Scraping data from website with infinite scrolling

2020-06-22 647 words 4 minutes

R is a popular language for scraping websites and has plenty of packages for scraping static websites. However, dynamically generated websites are growing in popularity. These are harder to scrape, as the content is generated after we load the website or do some events on the website. Luckily, R has a solution even for this. Package RSelenium which enables us to connect to the Selenium server. You can learn more about this package from its vignette. In this tutorial, I am going to show you, how to scrape websites with infinite scrolling.

RSelenium preparation

And what better place to scrape, than the one we like to waste time on. That’s right we are going to scrape data from youtube. First of all, it is polite to check if the scraping is allowed. We can check robots.txt for youtube to see if youtube is fine with us, scraping it. As there are no restrictions we are fine to continue.

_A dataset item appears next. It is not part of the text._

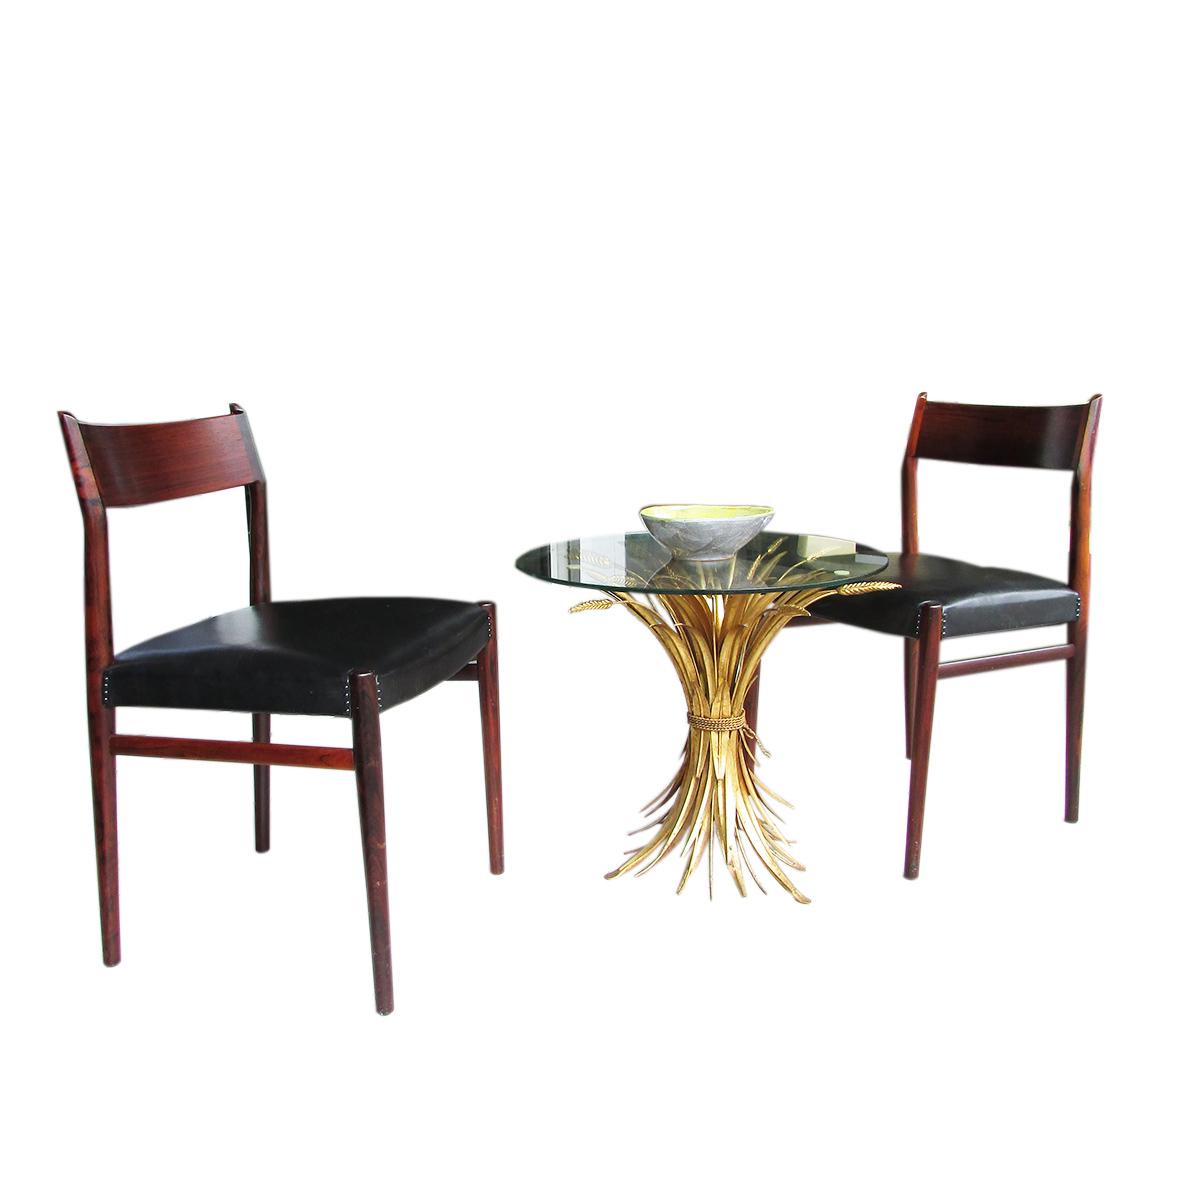 sibast-vodder-rosewood-chair-vintage-denmark
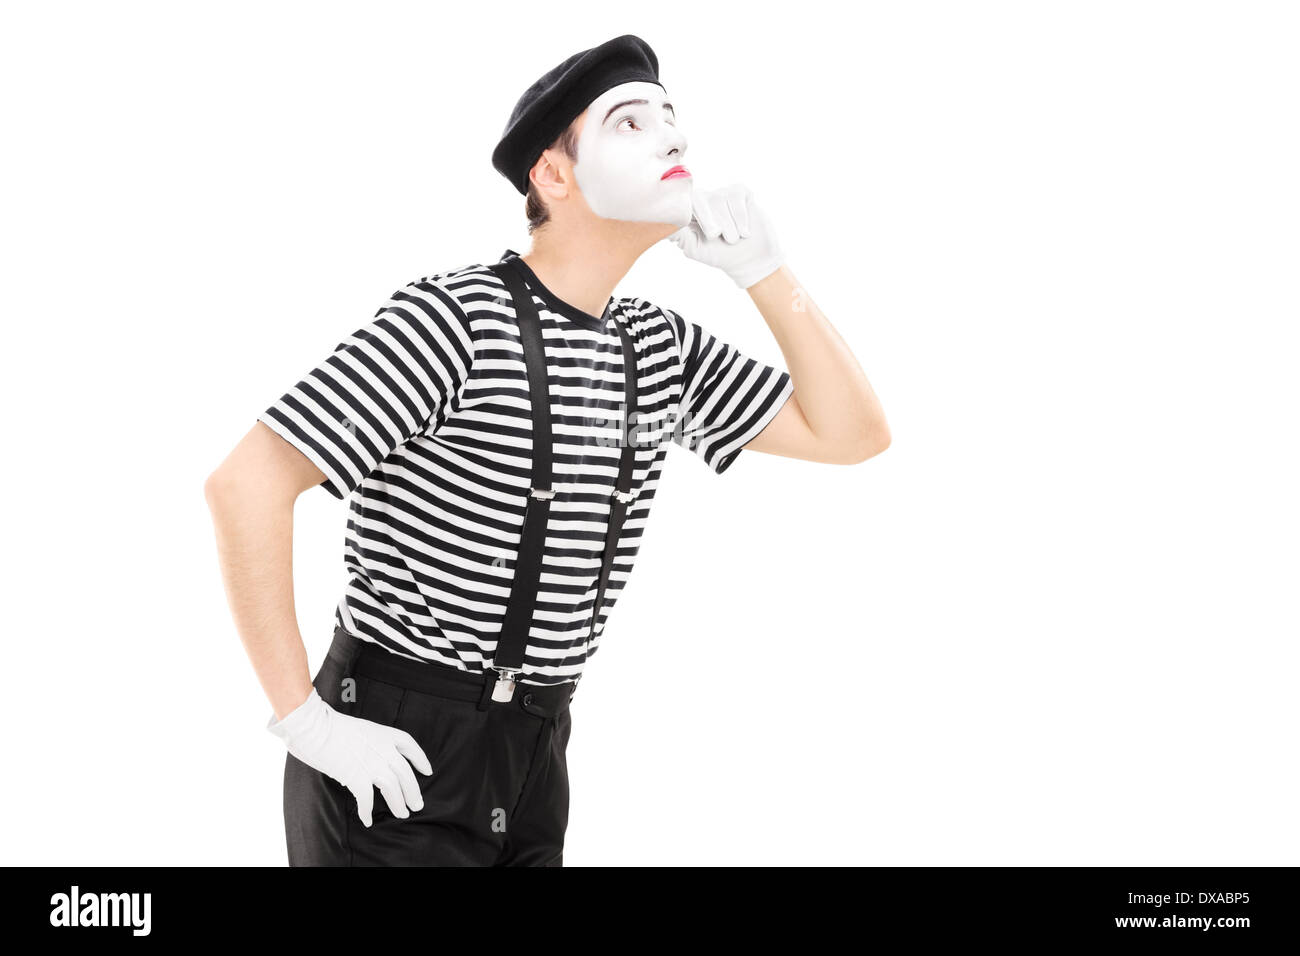 Mime artist listening something - Stock Image

As a first step, we need to start the Selenium server and browser and open it. We will use headless Firefox, as we do not need to see, what is happening and we want to scrape in the background. We do all this with the following code:

 1
 2
 3
 4
 5
 6
 7
 8
 9
10


rD <- RSelenium::rsDriver(port = 4485L,
    browser = "firefox",
    extraCapabilities = list(
        "moz:firefoxOptions" = list(
            args = list('--headless')
        )
    )
)
remDr <- rD$client
remDr$open()

Now with our browser ready, we can navigate it to youtube.

1

remDr$navigate("https://www.youtube.com")

After this step, we should be ready to scrape video metadata. We will scrape a video title, a video uploader, and a video URL. We can get all the videos on the title page with the following CSS selector: #contents #details #meta. To get the elements with our selenium browser, we just need to use the findElements method.

1

videoEls  <- remDr$findElements(using = "css", "#contents #details #meta")

And now it’s time to return the data in the structured form out of the Selenium browser. We can create a small function, that will return data.frame with the information we need.

Scraping the data

1
2
3
4
5
6
7
8
9


getVideoDetails <- function(videoEl) {
  titleEl <- videoEl$findChildElement("css","#video-title-link")
  metadataEl <- videoEl$findChildElement("css","#metadata")
  
  URL <- titleEl$getElementAttribute("href")[[1]]
  title <- titleEl$getElementText()[[1]]
  uploaderName <- metadataEl$findChildElement("css", "#byline-container")$getElementText()[[1]]
  data.frame(URL = URL, title = title, uploaderName = uploaderName, stringsAsFactors = FALSE)
}

As the last step, we will call this function on each element of the videoEls list that we have selected.

1
2


details <- lapply(videoEls, getVideoDetails) %>%
  dplyr::bind_rows()

Time to scroll

But what about this dynamic content that is generated when we scroll? We will need to select a page element, that we will use for scrolling. The body element is ideal for this, as it wraps the whole web page. After that, we will move to the end of said element. However, as it is infinite scrolling, we will do it just 10 times.

1
2
3
4
5


bodyEl <- remDr$findElement("css", "body")
for (i in 1:10) {
  bodyEl$sendKeysToElement(list(key = "end"))
  Sys.sleep(5)
}

You might have noticed Sys.sleep function in the loop. It is a good practice to wait a while, between doing requests on the website. Here it is especially important, as we need to wait until our webpage loads the new dynamically generated data. After that, we can once again get all the elements using our CSS selector and scrape the details of videos.

1
2
3


videoEls  <- remDr$findElements(using = "css", "#contents #details #meta")
videoDetailsScrolled <- lapply(videoEls  , getVideoDetails) %>%
  dplyr::bind_rows()

And that’s it. As you can see videoDetailsScrolled has more rows than details because we have scrolled down 10 times which generated more videos for us to scrape.

I hope that you find this tutorial useful and now know, how to tackle those pesky dynamically generated websites. See you in the next post and scrape responsibly!